Une tentative de blog à plusieurs mains. Pour réunir des trucs qu’on ne voudrait pas montrer à nos grand-mères mais qu’on prend plaisir à faire quand même.
Vous savez, ces trucs au fond d’une cave ou sous une couette, ces trucs qui nécessitent un sécateur, des allumettes ou de la vaseline, ces trucs chauds et humides, toujours meilleurs à plusieurs qu’en solitaire : se moucher dans ses doigts, dire des gros mots, jouer à touche pipi, disséquer le chat du voisin…et rire, évidemment.

11 août 2011

Sortir de ce corps : une proposition épilogale (par Açir Tanaka)

Je portais une robe fluide, boutonnée sur le devant et, à travers la minceur du tissu, le soleil réchauffait ma peau. Je n’avais pas de maillot de bain – d’ailleurs, je détestais me baigner – et me contentais de regarder les nageurs d’un air distrait. Puis l’inattendu advint, comme dans un improbable scénario. Il sortit de la piscine, l’eau dégoulinait sur son corps parfait, musclé sans excès, hâlé sans être tanné et nos yeux se croisèrent. Les siens étaient clairs, évidemment, vert pâle, contrastant suavement avec le bronzage de sa carnation, ses cheveux bruns perlaient de gouttelettes. Il s’approcha de moi dans un ralenti cinématographique, le souffle me manquait, il me sourit, la lumière se refléta sur ses dents parfaites en un éclat étincelant digne du cinémascope d’antan. Je nageais en pleine irréalité, j’étais la vedette d’un film écrit pour ma seule gloire, il était le jeune premier, celui que toutes les femmes remarquaient, celui que toutes les femmes m’envieraient. En toute logique devait bientôt apparaître un coucher de soleil romantique et nous marcherions ensemble, main dans la main, vers notre destinée et notre bonheur.

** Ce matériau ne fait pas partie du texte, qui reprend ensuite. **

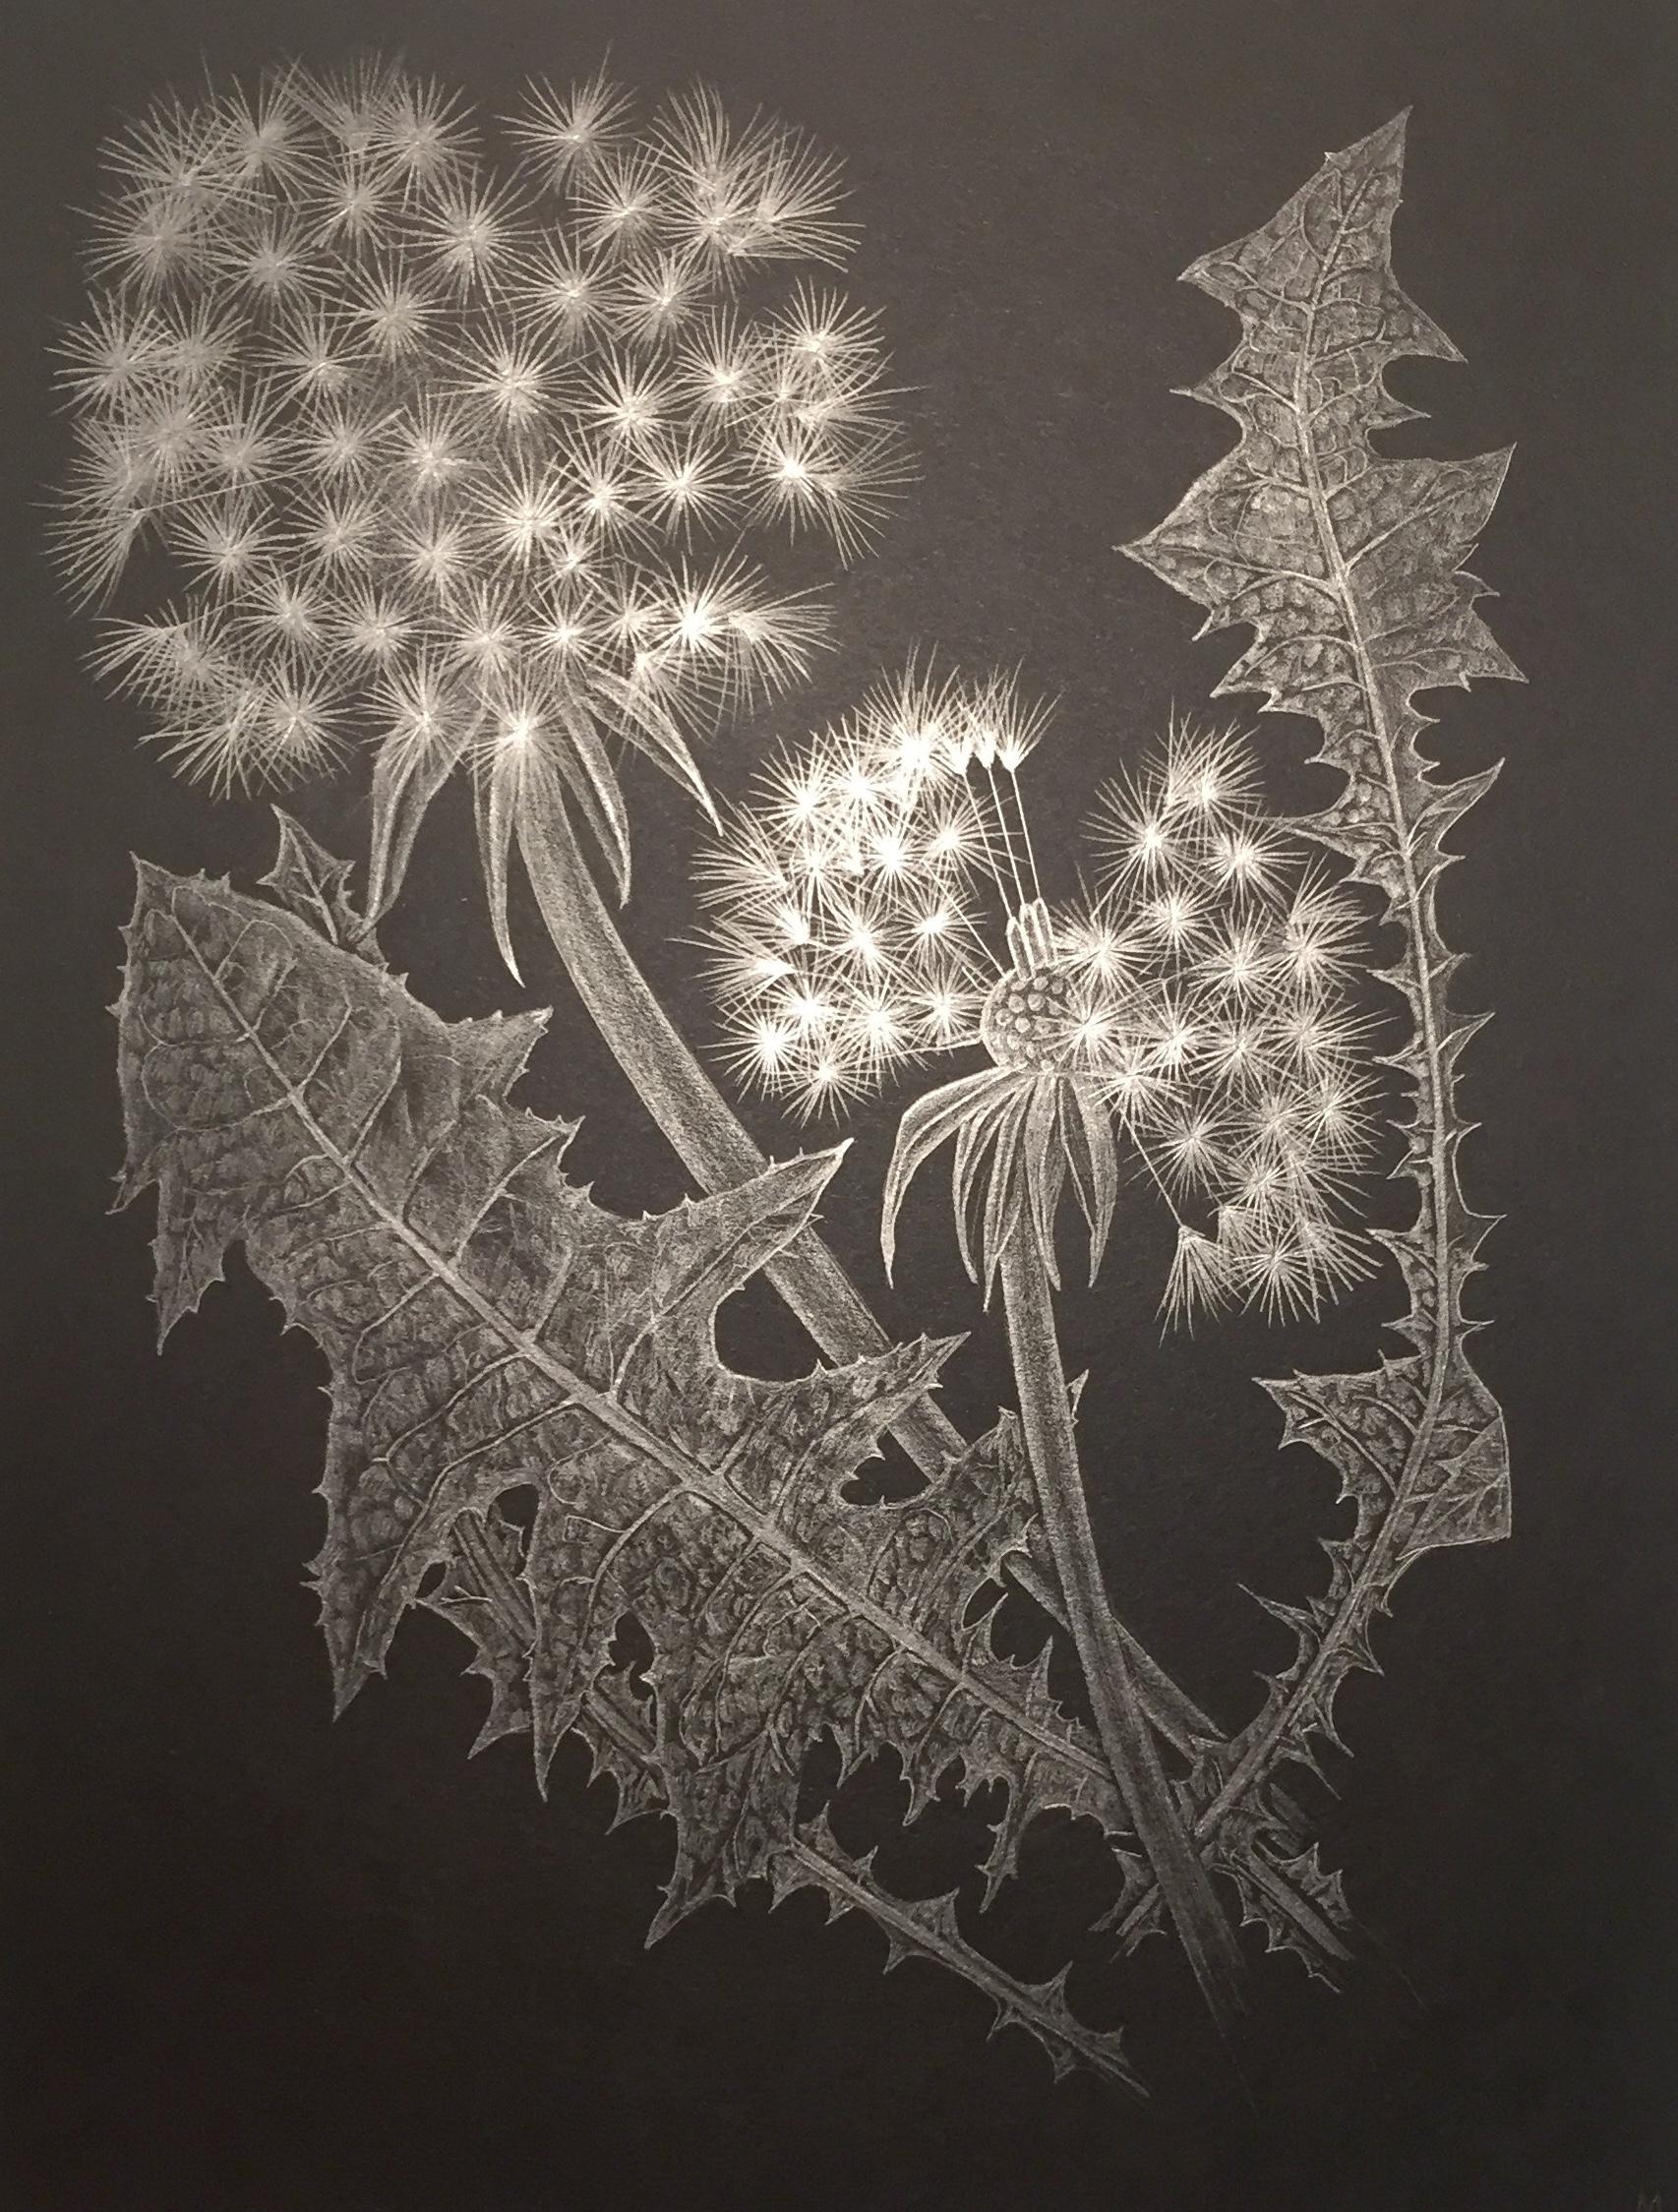 Margot Glass Landscape Art - Two Dandelions C, Silver Botanical Drawing On Black Paper
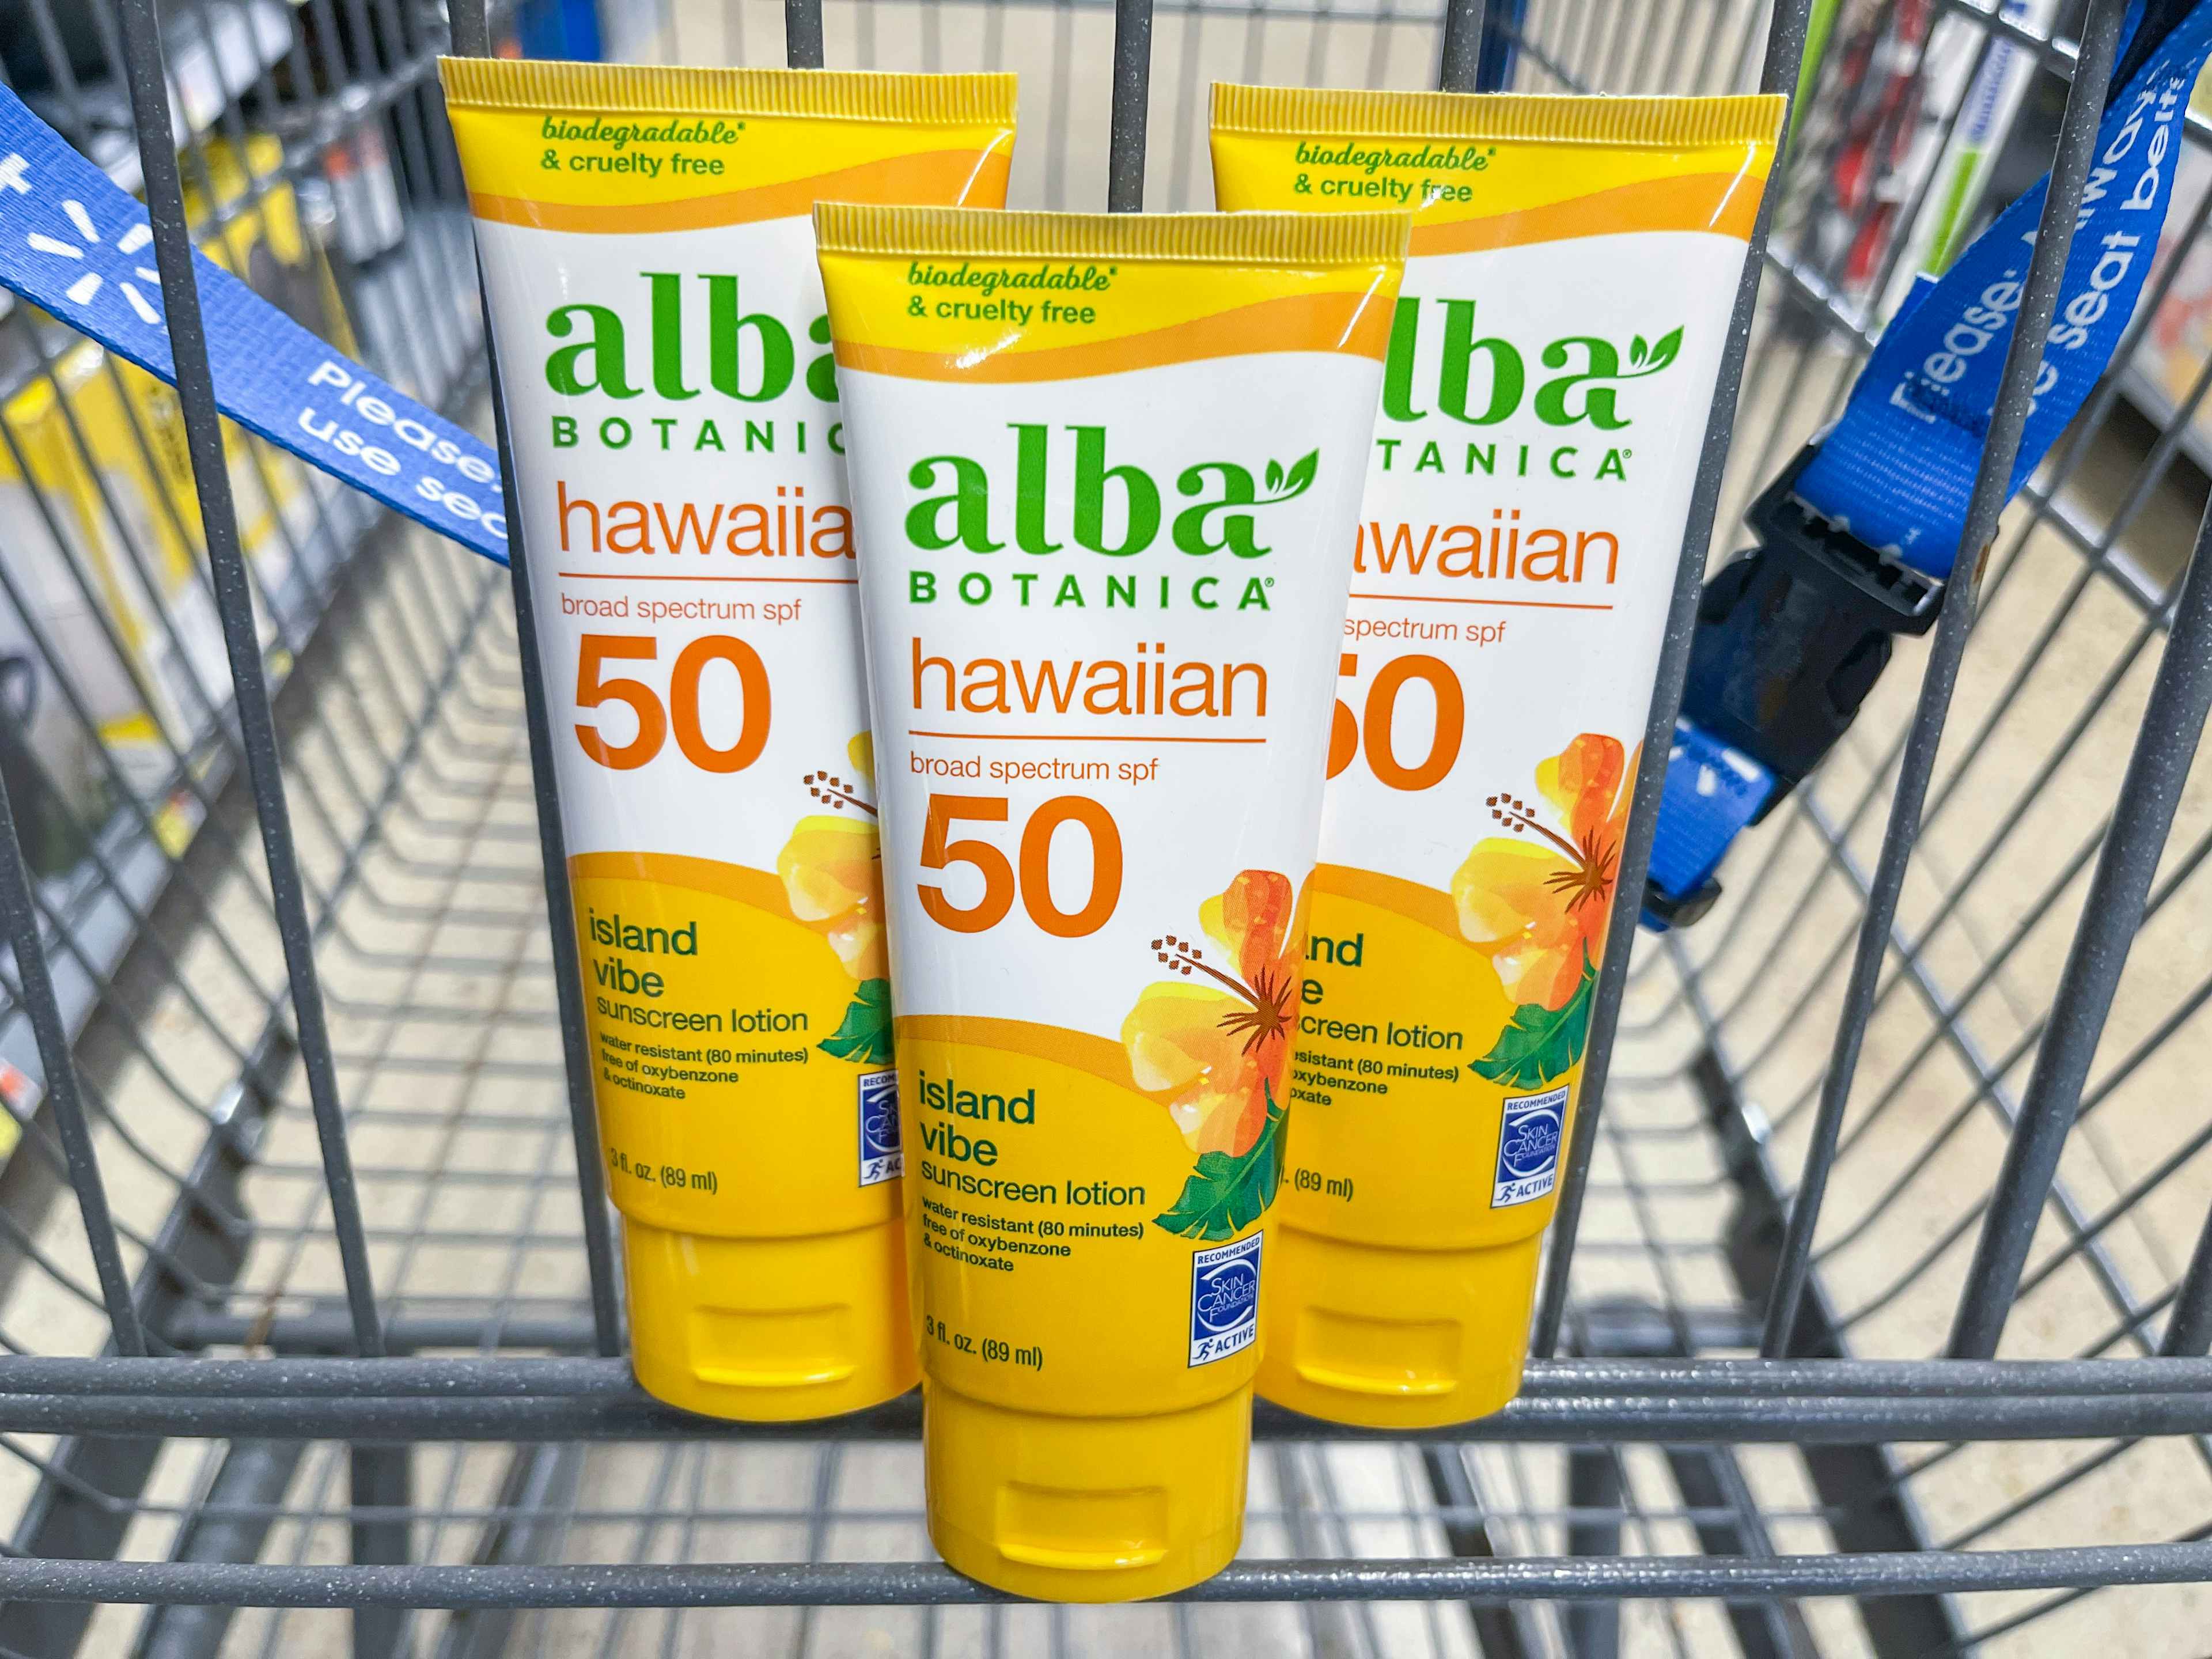 walmart-alba-botanica-hawaiin-sunscreen-2

Barbara, sors de ce corps !
Il s’approcha donc de moi dans un ralenti cinématographique, le souffle me manquait toujours, il me sourit tandis que mes lèvres restaient figées, il effleura délicatement ma joue, puis mon épaule – il n’y avait plus un bruit autour de nous, le monde avait cessé d’exister. D’ailleurs, qu’était le monde sans nous ? Il saisit avec délicatesse ma main et la porta à ses lèvres en un délicieux baiser, j’étais déjà conquise (et pour être honnête assez excitée). Il saisit donc ma main et, de façon imprévisible (de moi au moins) la plaqua sur son entre-jambe – la ténuité de son maillot de bain ne pouvait dissimuler qu’il bandait comme un cerf mais le contact de ma main accrut encore sa rectitude et je sentis son gland pointer hors du trop exigu vêtement. Brusquement, il me repoussa vers le cabanon où étaient remisés parasols et chaises longues, referma la porte derrière nous et arracha sans préambule tous les boutons de ma robe qui cliquetèrent sur le sol. Quelques matelas pneumatiques gisaient sur le plancher de la resserre et il m’y bascula, fit subir à ma culotte le même sort qu’à ma robe et me besogna sans préliminaires. Si l’on m’avait décrit une telle scène, j’aurais été horrifiée, moi qui me plongeais avec délice dans les romans à l’eau de rose. Mais, dit-on avec quelque raison, la réalité dépasse souvent la fiction et, en l’occurrence, je mouillais comme une folle tandis que lui, tout à son affaire, avait posé une main sur ma bouche pour faire taire mes cris de plaisir. J’étais si émoustillée que je jouis plusieurs fois avant qu’il ne s’épanchât en moi, ce qui, pourtant, ne dut guère prendre de temps ; nous étions dans l’urgence de la volupté. Enfin, il se retira, son regard était un peu flou, comme celui d’un saint-bernard, et ce parallèle canin prit tout son sens lorsqu’il posa sa main sur mon sexe entrouvert et, dans un léger geste qui m’électrisa, récolta le fruit conjugué de mes exsudats et de son éjaculat sur ses doigts qu’il porta ensuite à sa bouche et lécha tel un chien, qu’il était sans doute. L’odeur de sexe était si forte qu’elle emplissait le cabanon, mes narines se dilatèrent, j’étais moi aussi un animal, une chienne de fait. Il acheva de suçoter ses doigts avec application, je n’existais déjà plus pour lui, il se leva, rajusta son maillot de bain et sortit, laissant la porte entrebâillée et le bruit de l’extérieur pénétrer jusqu’à moi.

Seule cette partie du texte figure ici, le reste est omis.